* _WHAT THE TASK REQUIRES_
The whole listing is to be restated word for word with no images.

[PROVIDED MATERIAL Boundary: Start]

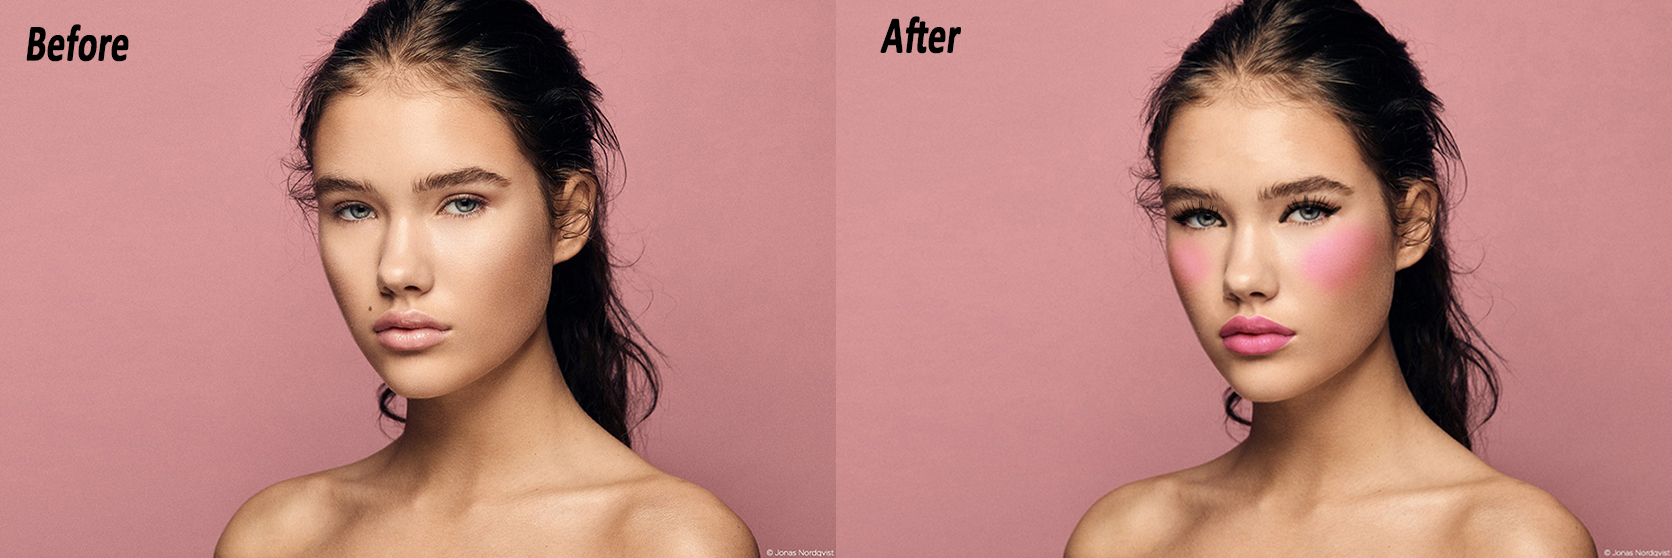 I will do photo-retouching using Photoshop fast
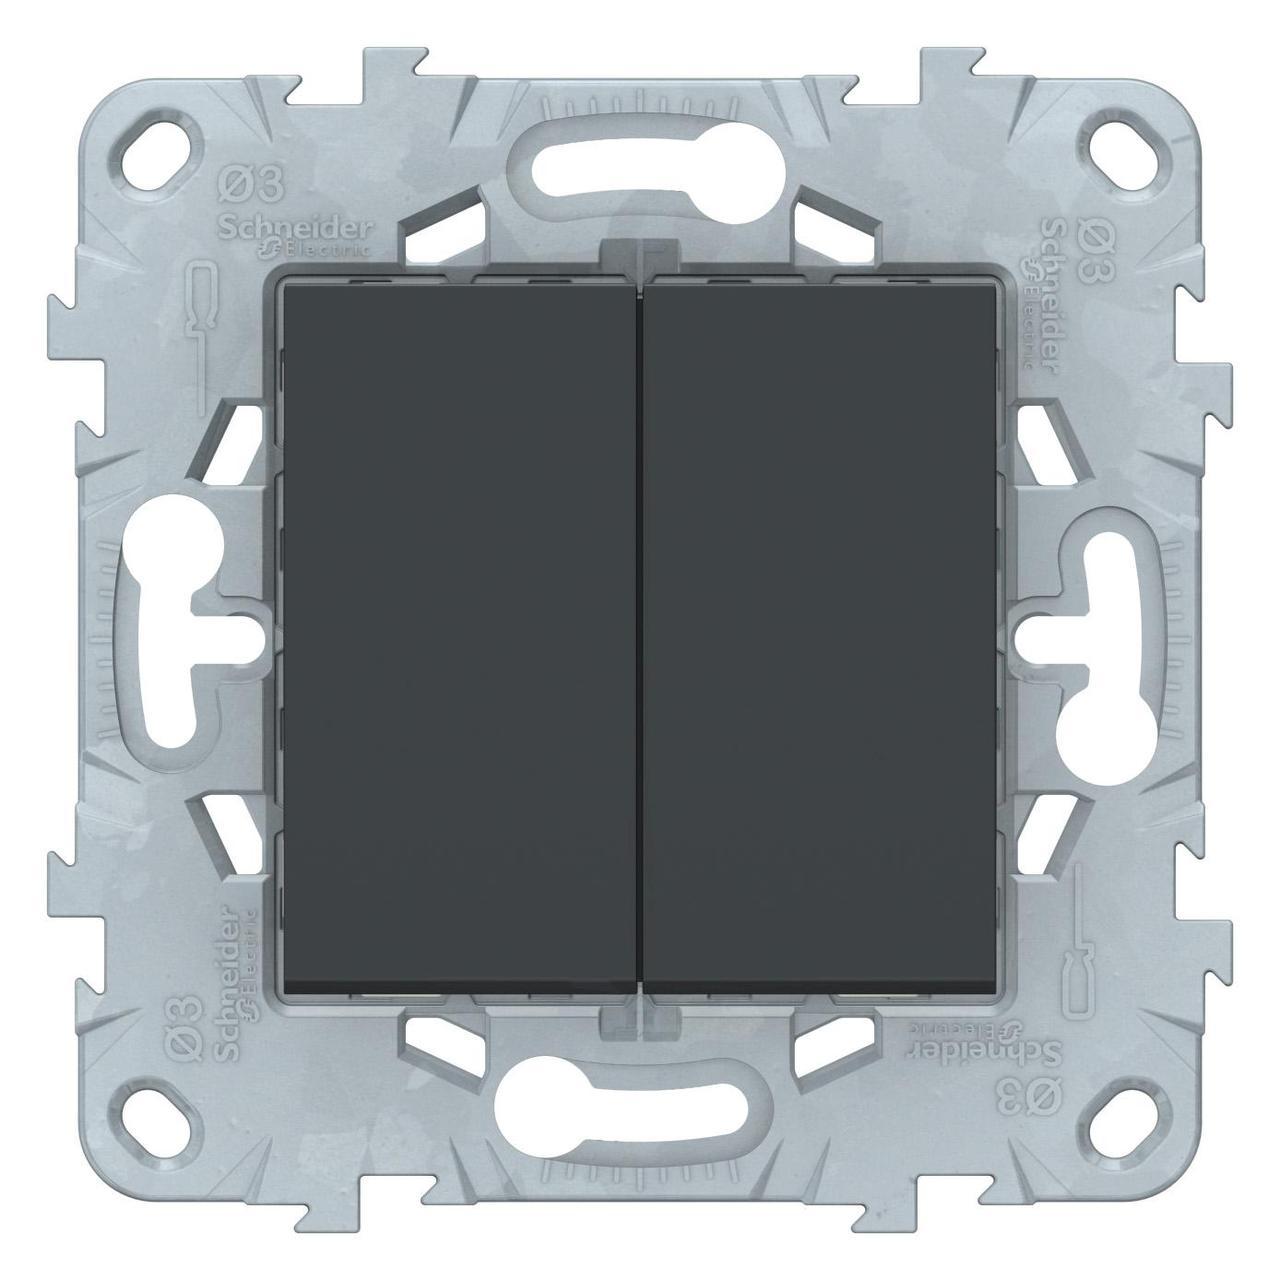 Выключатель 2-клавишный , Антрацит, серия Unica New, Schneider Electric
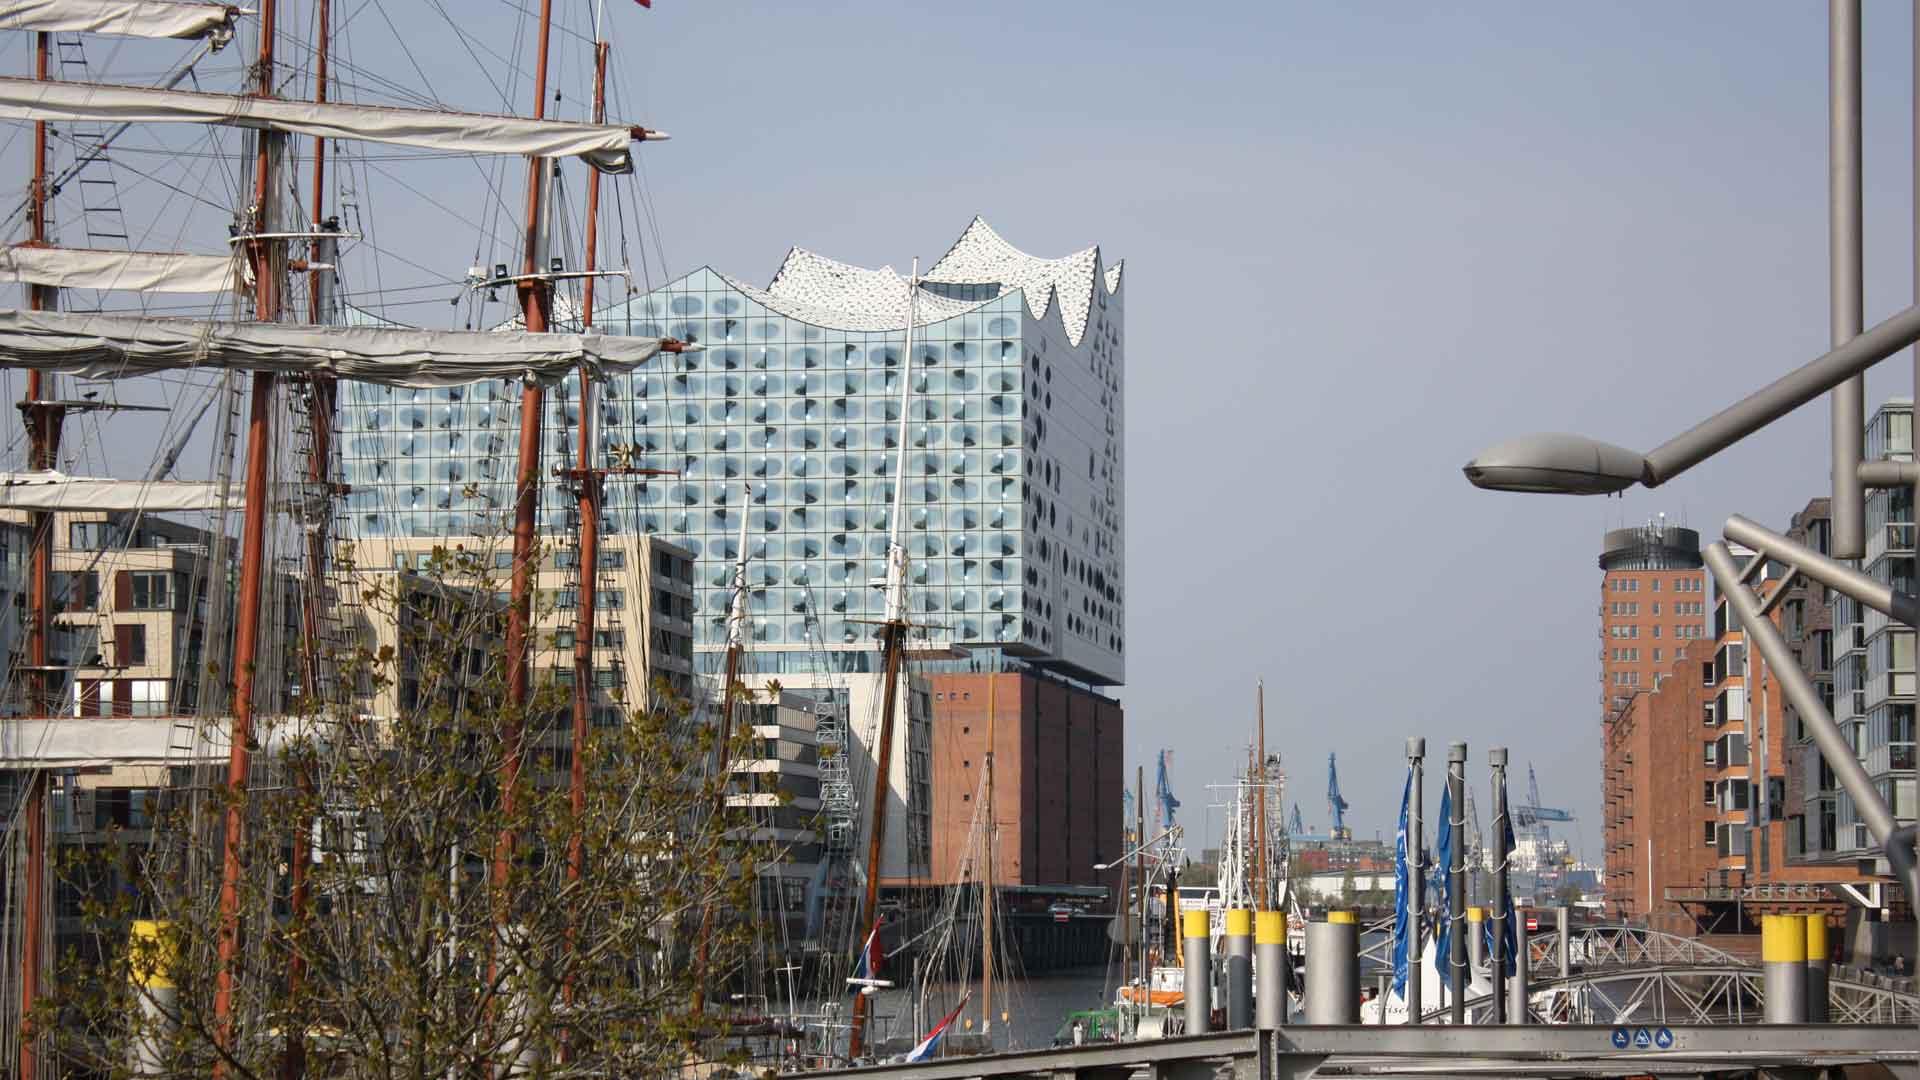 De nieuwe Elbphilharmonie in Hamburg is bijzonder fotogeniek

[PROVIDED MATERIAL Boundary: End]

* _EXERCISE RESULT_
 I will do photo-retouching using Photoshop fast
 Выключатель 2-клавишный , Антрацит, серия Unica New, Schneider Electric
 De nieuwe Elbphilharmonie in Hamburg is bijzonder fotogeniek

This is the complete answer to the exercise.